Start of STORED DATA

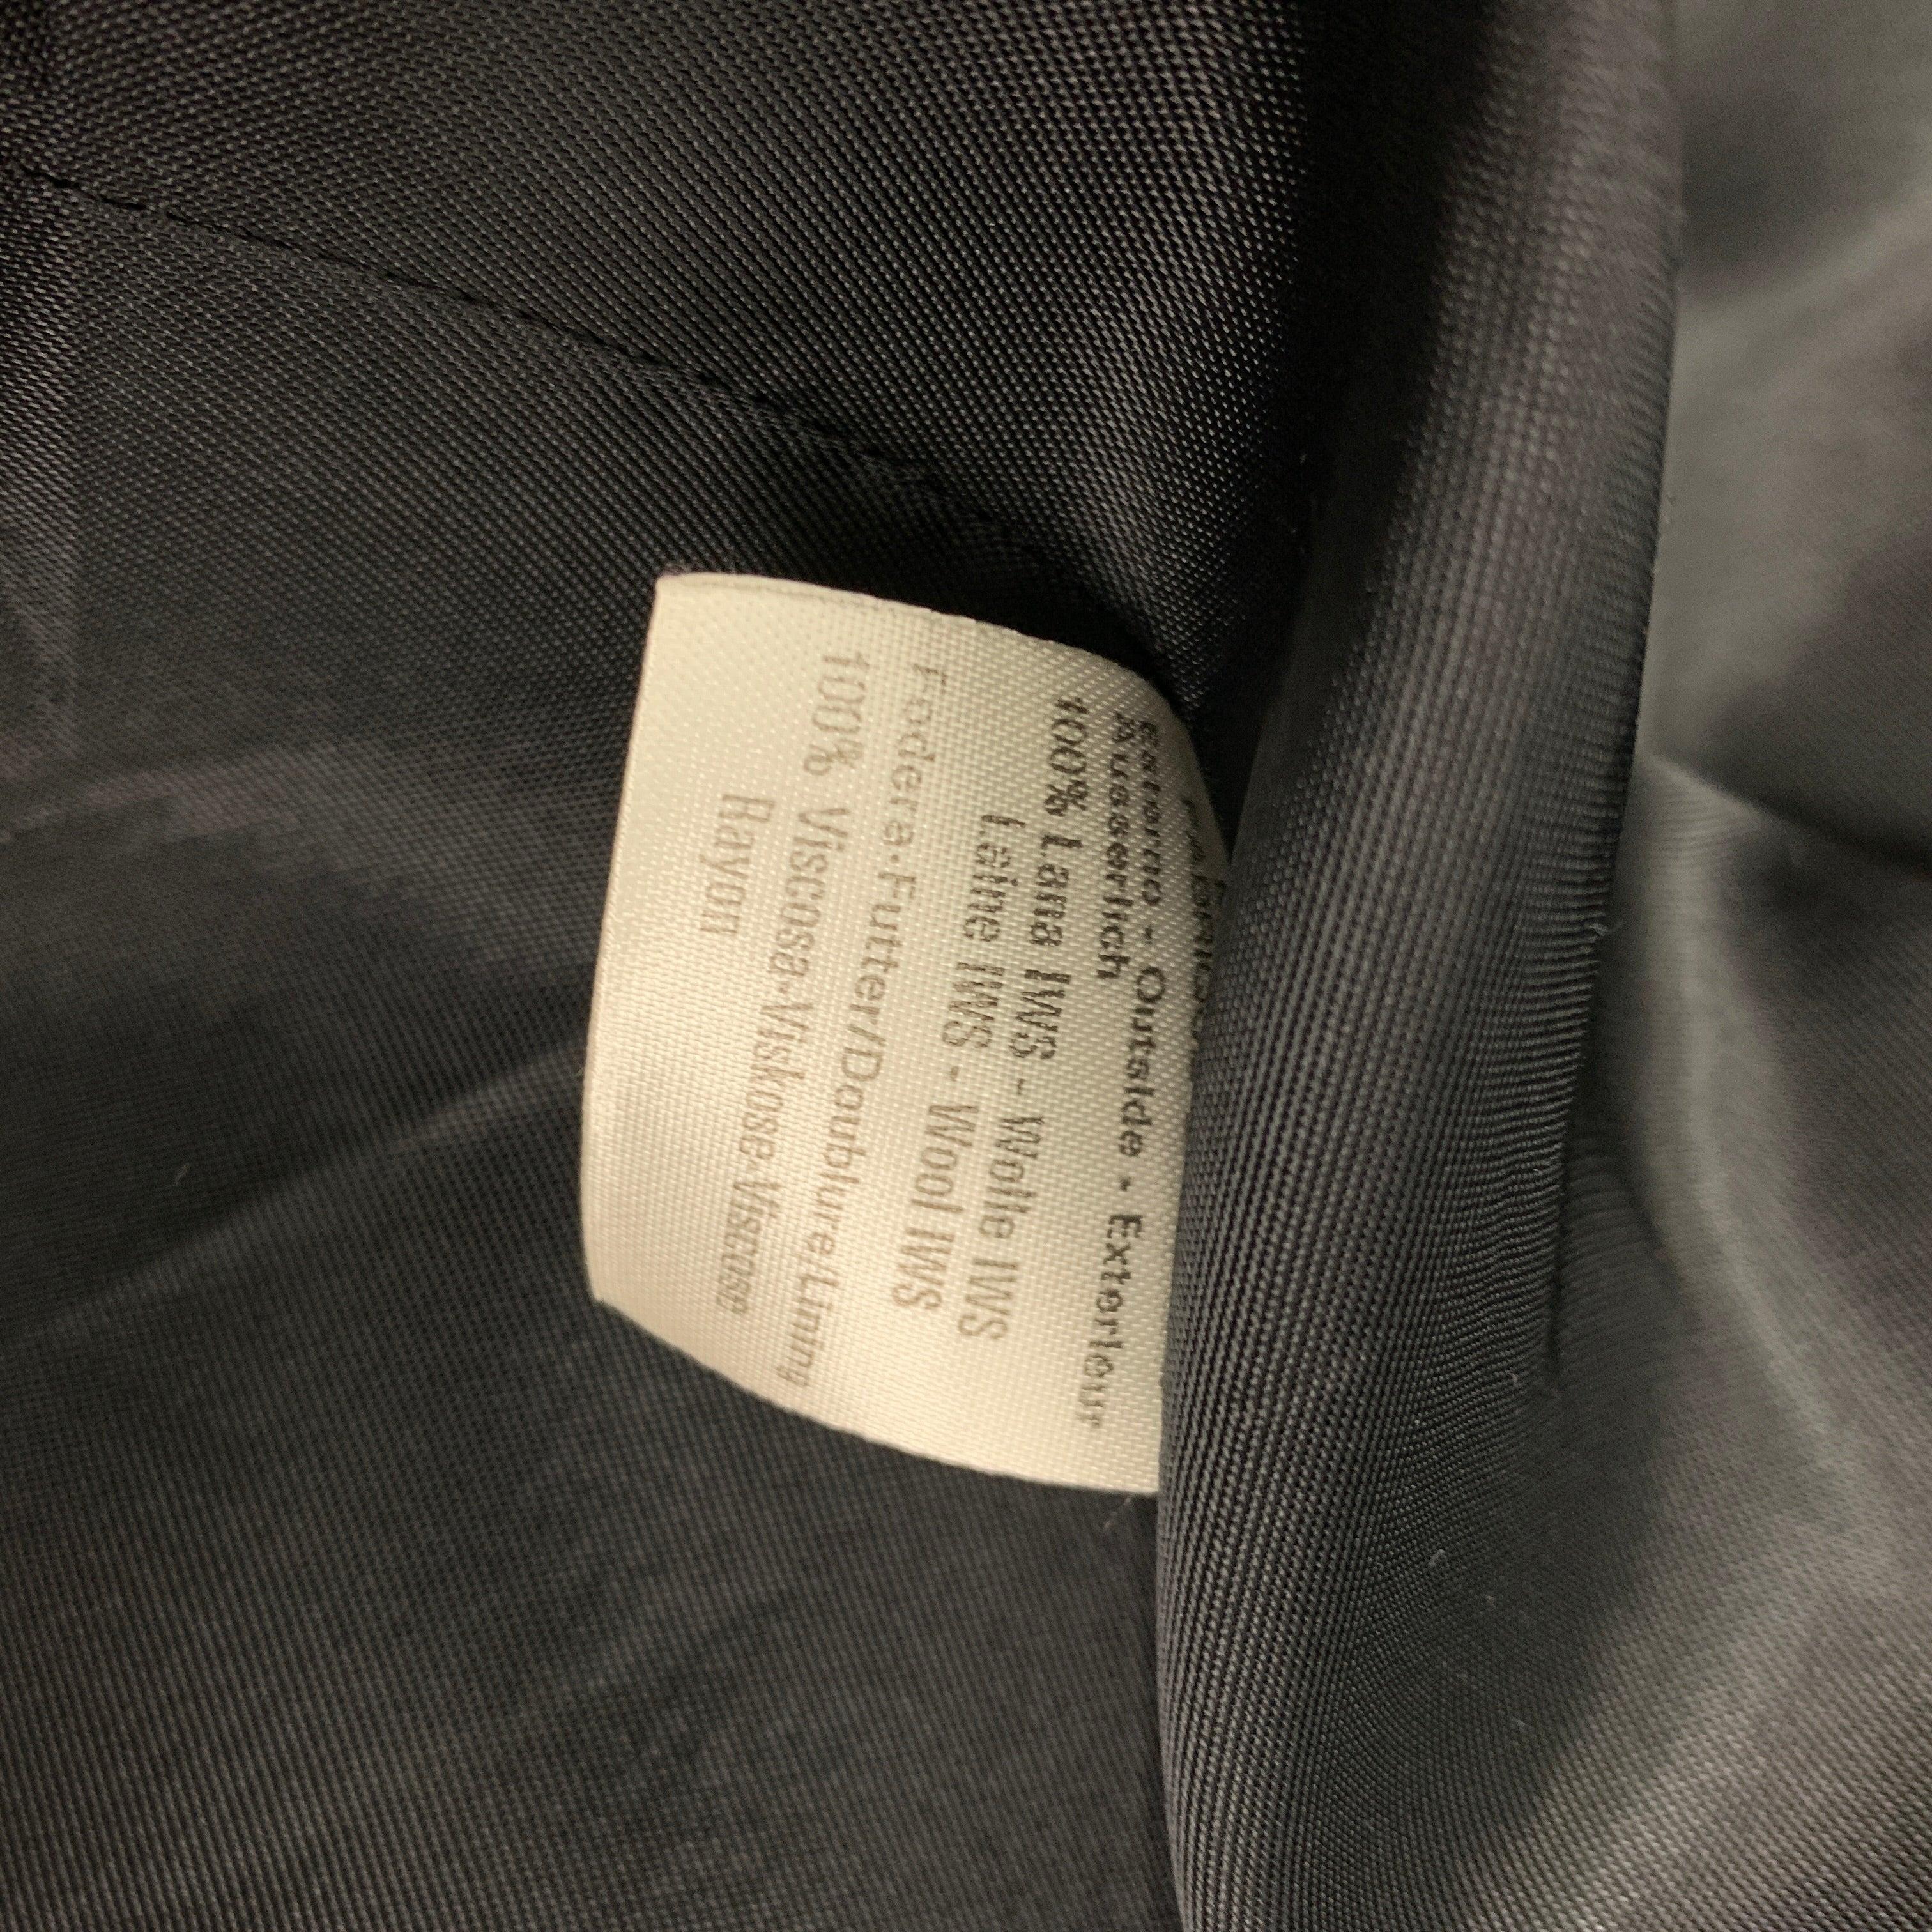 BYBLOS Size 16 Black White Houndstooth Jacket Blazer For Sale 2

End of STORED DATA
Start of STORED DATA

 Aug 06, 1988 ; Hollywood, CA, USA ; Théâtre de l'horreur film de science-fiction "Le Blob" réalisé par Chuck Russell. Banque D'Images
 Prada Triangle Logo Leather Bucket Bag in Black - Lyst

End of STORED DATA

§ PROBLEM TO WORK ON: Where the data above reaches the line holding "Aug 06, 1988 ;", begin printing, and stop after the line holding "Prada Triangle Logo". Each line must be reproduced exactly, with nothing else added.

§ PROBLEM SOLUTION:
 Aug 06, 1988 ; Hollywood, CA, USA ; Théâtre de l'horreur film de science-fiction "Le Blob" réalisé par Chuck Russell. Banque D'Images
 Prada Triangle Logo Leather Bucket Bag in Black - Lyst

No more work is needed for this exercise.